* EXERCISE DESCRIPTION: Please produce a character-exact copy of the listing that follows, omitting all images.

* INFORMATION SHOWN:
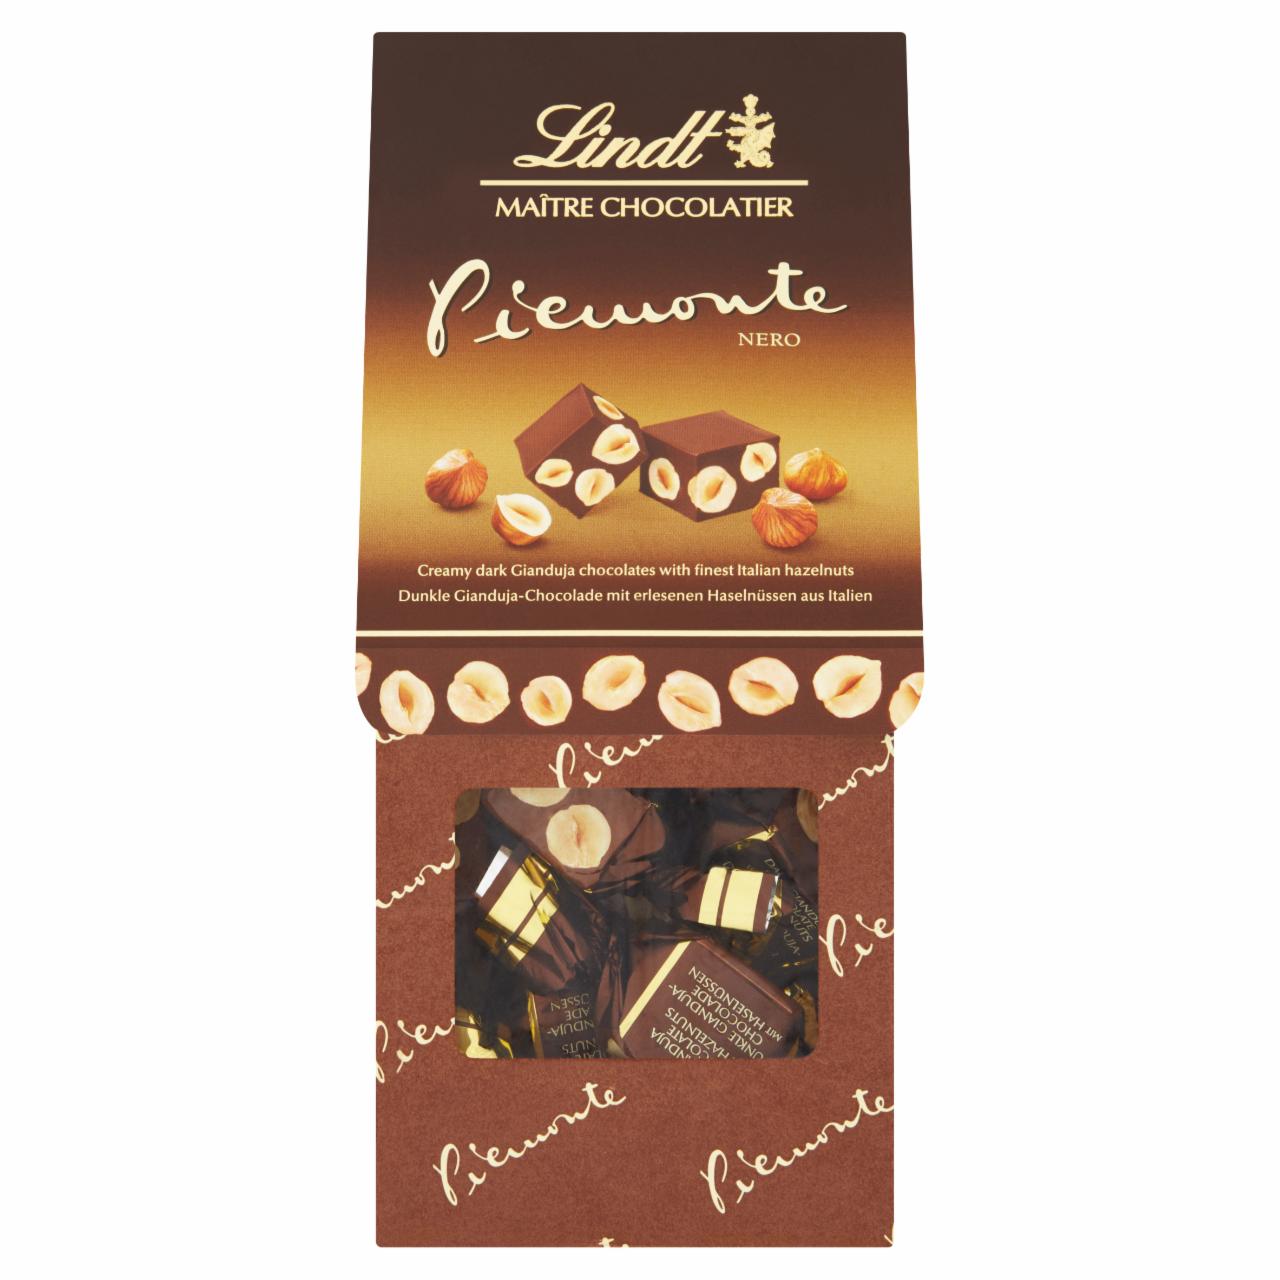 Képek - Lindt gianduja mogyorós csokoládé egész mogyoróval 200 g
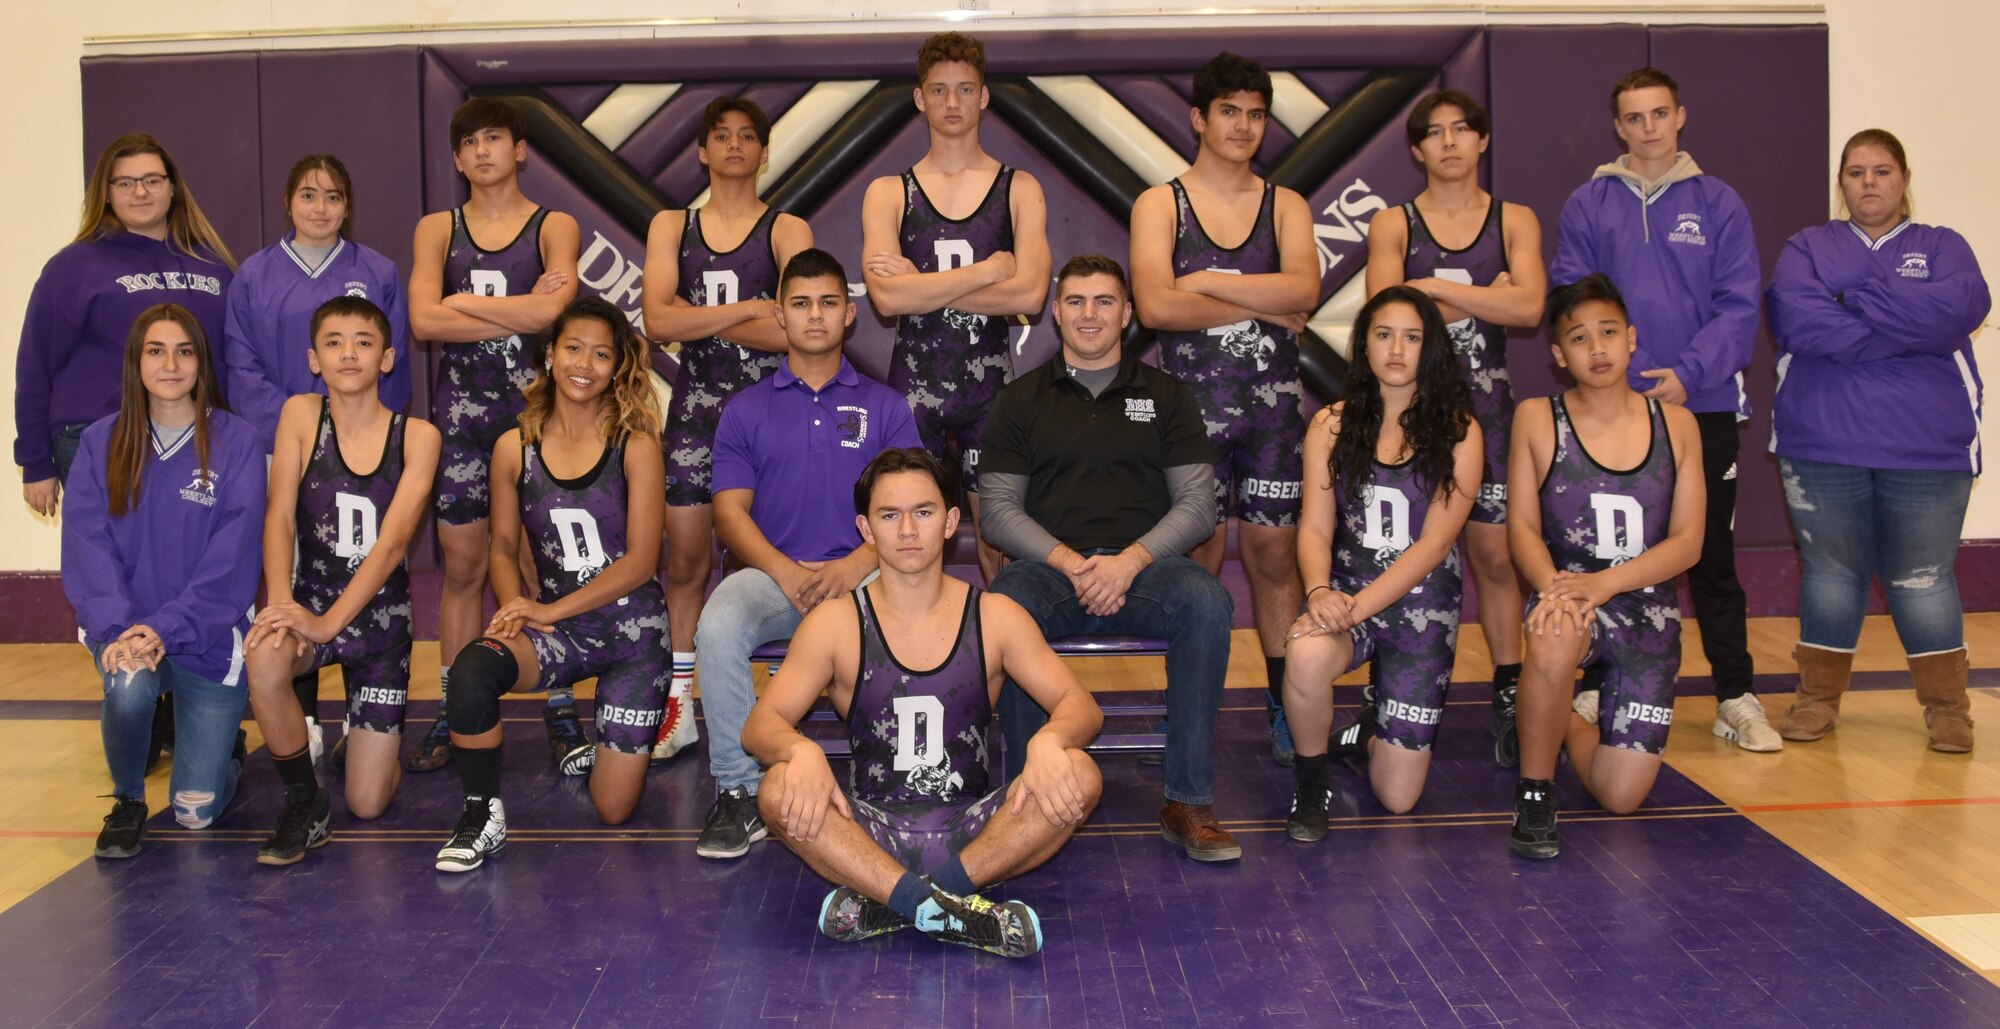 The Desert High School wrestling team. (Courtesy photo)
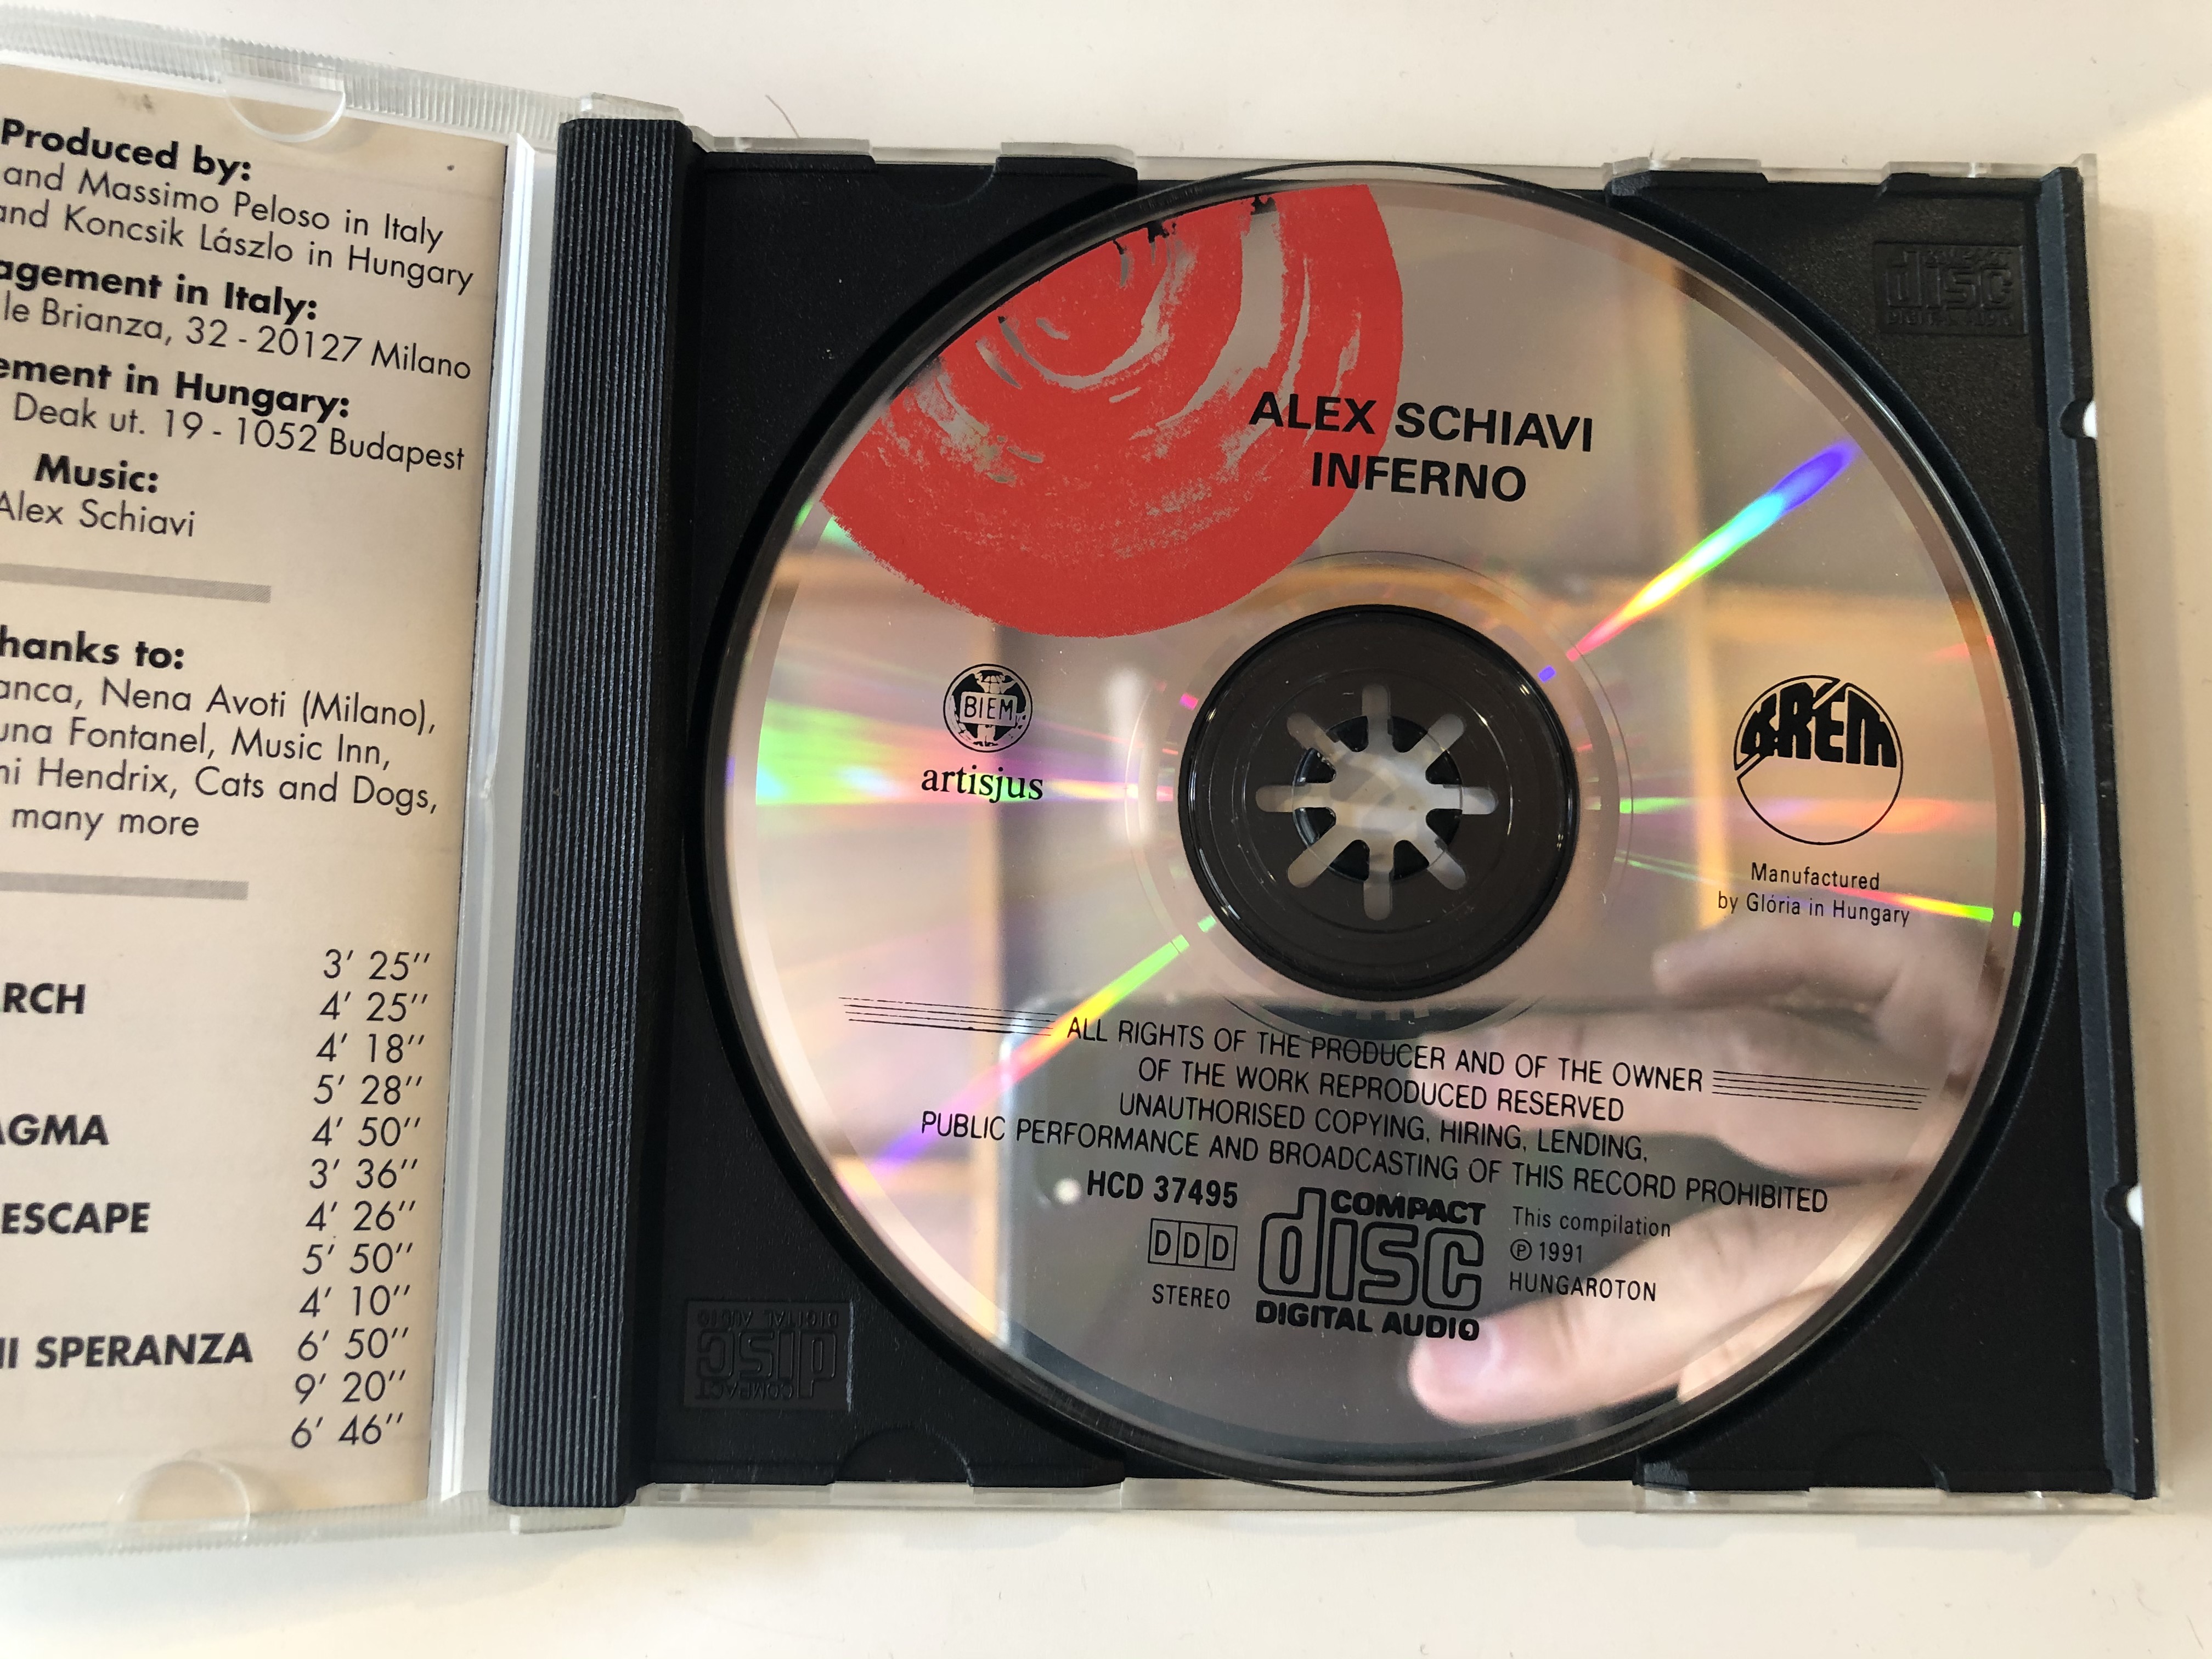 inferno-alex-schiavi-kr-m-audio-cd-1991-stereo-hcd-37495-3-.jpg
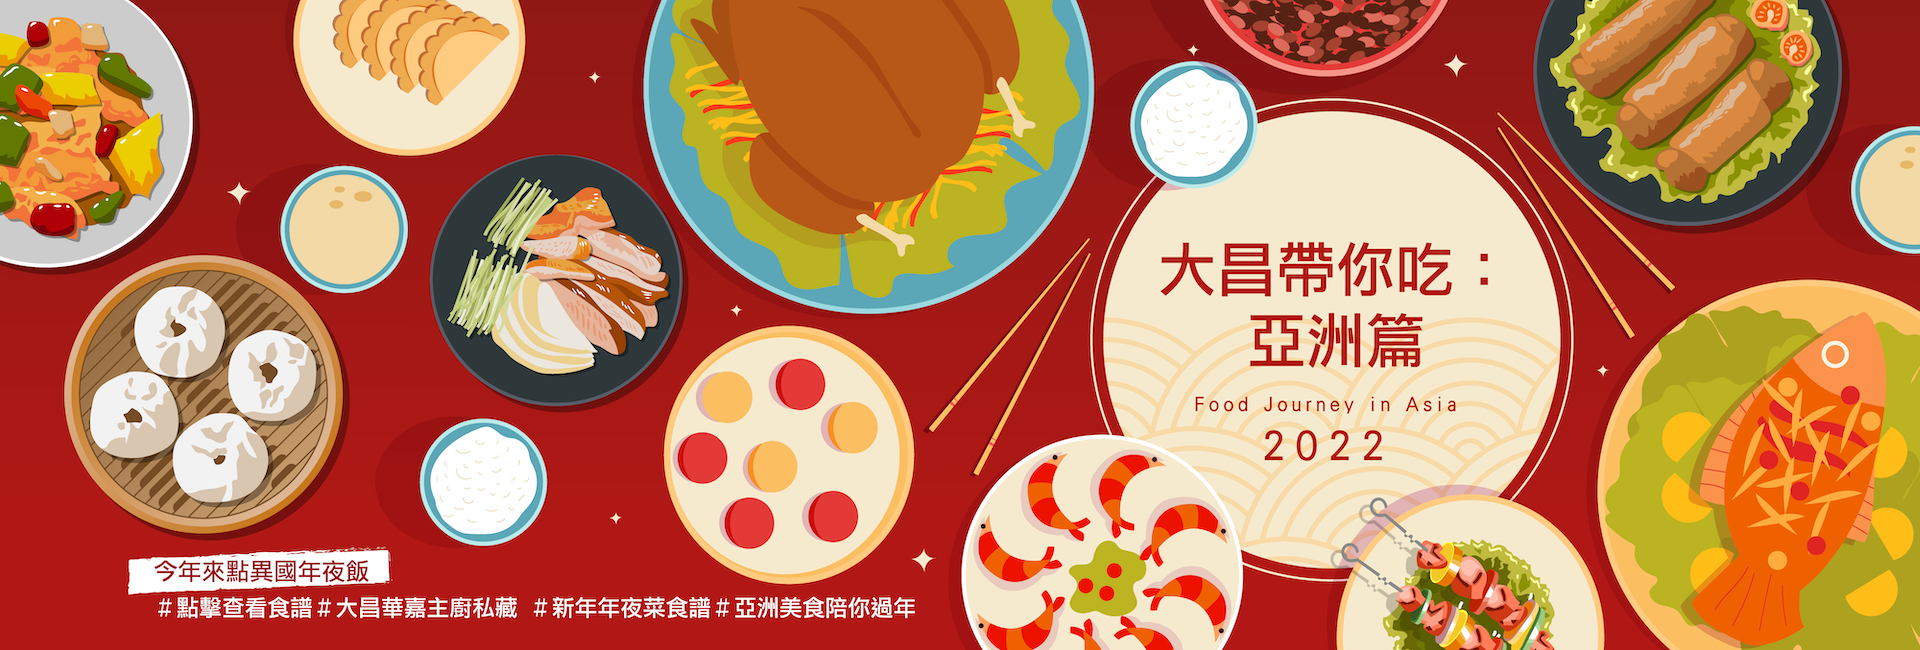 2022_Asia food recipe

* RESPONSE TO THE TASK:
 Képek - Lindt gianduja mogyorós csokoládé egész mogyoróval 200 g
 The Desert High School wrestling team. (Courtesy photo)
 inferno-alex-schiavi-kr-m-audio-cd-1991-stereo-hcd-37495-3-.jpg
 2022_Asia food recipe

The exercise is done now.